The associate professors of finance document the recent rise in the side-by-side management of mutual funds and actively managed exchange traded funds.
Adam Aiken and Kate Upton, both associate professors of finance in the Martha and Spencer Love School of Business, co-authored “Side-by-side management of mutual funds and actively managed exchange traded funds,” which is published in The Financial Review.
The professors, along with co-author Eli Sherrill, associate professor of finance at Illinois State University, focus on how the mutual fund family makes the decision to open a side-by-side (SBS) management of mutual funds and actively managed exchange traded funds (AMETFs), as well as how the SBS relationship shapes the incentives faced by mutual fund managers, the impact this has on fund returns, and the subsequent reaction of their investors.

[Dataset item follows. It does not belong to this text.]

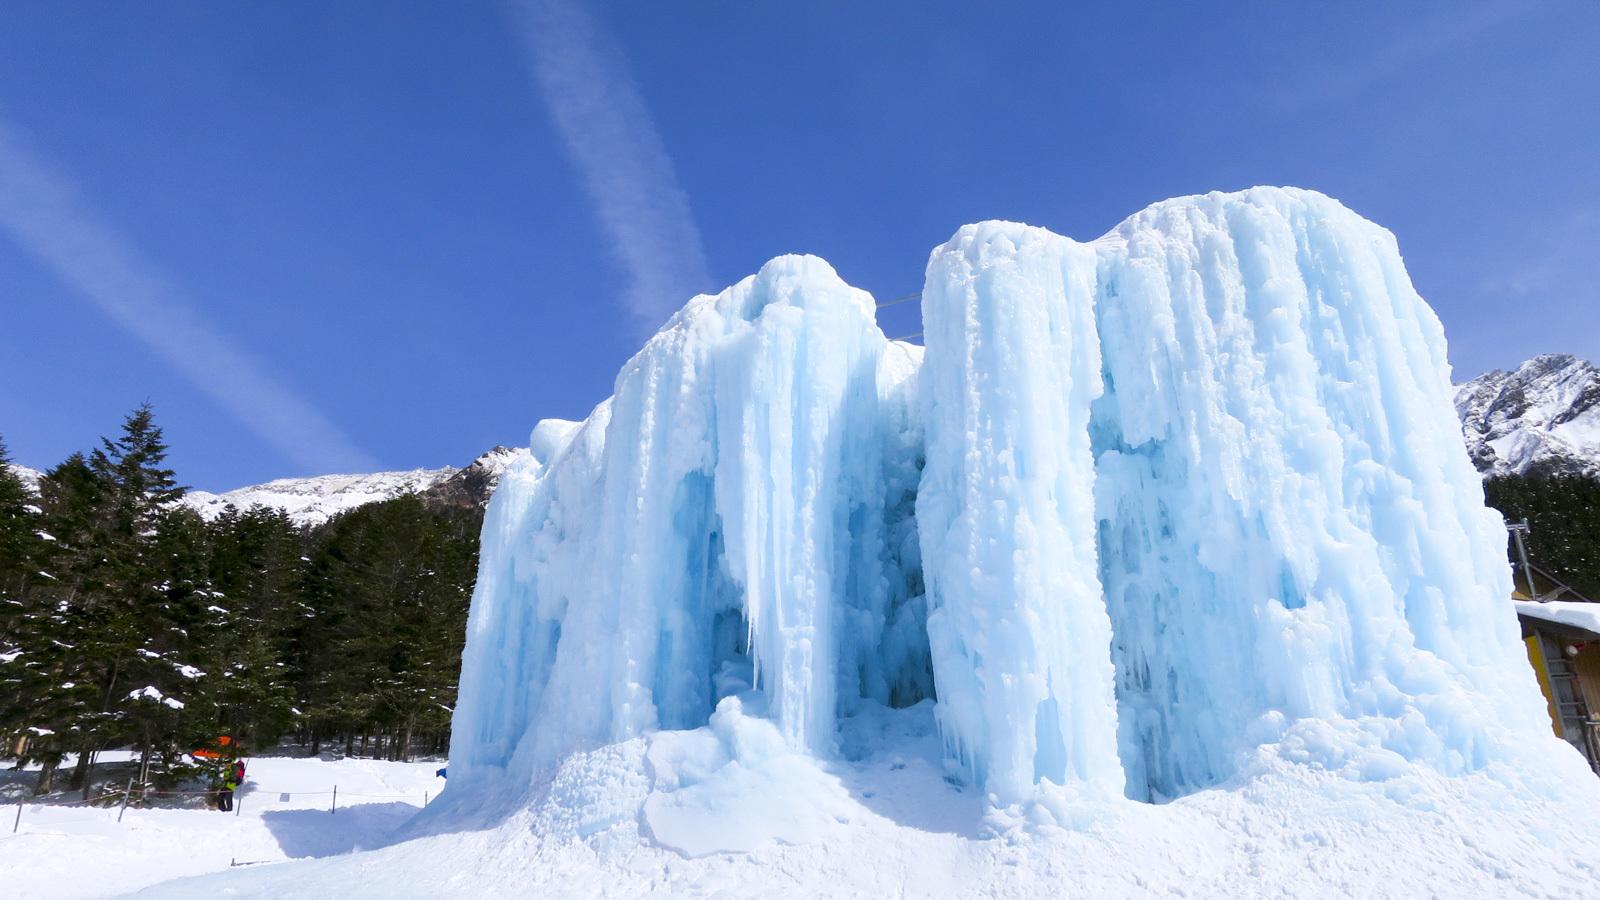 あなたにも必ずできる、『氷の壁をぶっ叩いて登る遊び』の話_b0029315_23452224.jpg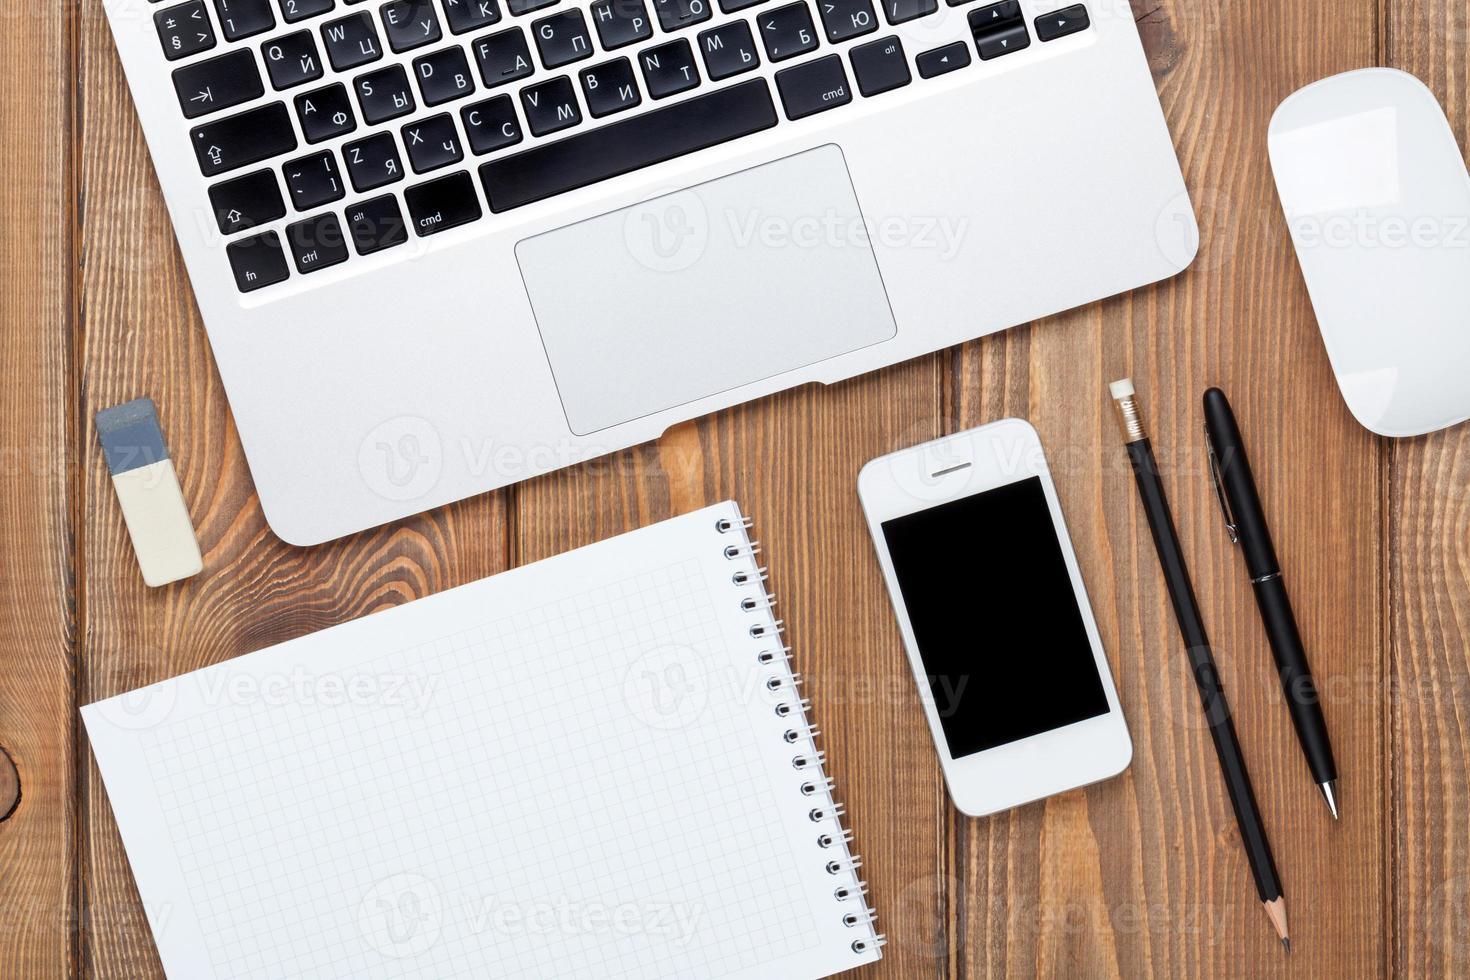 mesa de escritório com computador e suprimentos foto

“We document the recent rise in the side-by-side (SBS) management of mutual funds and actively managed ETFs (AMETFs),” the authors wrote in the paper’s abstract. “Although these funds are run in a SBS manner, only 21% share an investment objective code. This relationship is started by families with more ETF experience and is not used to reward “star” managers. On average, mutual funds with SBS AMETFs perform similarly to comparable funds after SBS formation; however, their flows fall when pairs share the same investment objective. We find evidence of both a substitution effect and conflicts of interest between SBS funds, depending on the contracting and organizational structures.”
Aiken joined Elon in 2015 after receiving a doctorate in finance from Arizona State University. His research interests include financial institutions and performance measurement, with a particular focus on hedge funds. In 2020, he was named a “Top 50 Undergraduate Business Professor” by Poets&Quants.
After earning her doctorate in finance from the University of Alabama in 2014, Upton joined Elon, where she also holds the position of director of the William Garrard Reed Finance Center. Her research interests include corporate finance-capital structure with a focus on debt heterogeneity, and investments, specifically hedge funds, mutual funds and corporate bonds. She is the 2021 recipient of Elon’s Steven and Patricia House Excellence in Mentoring Award.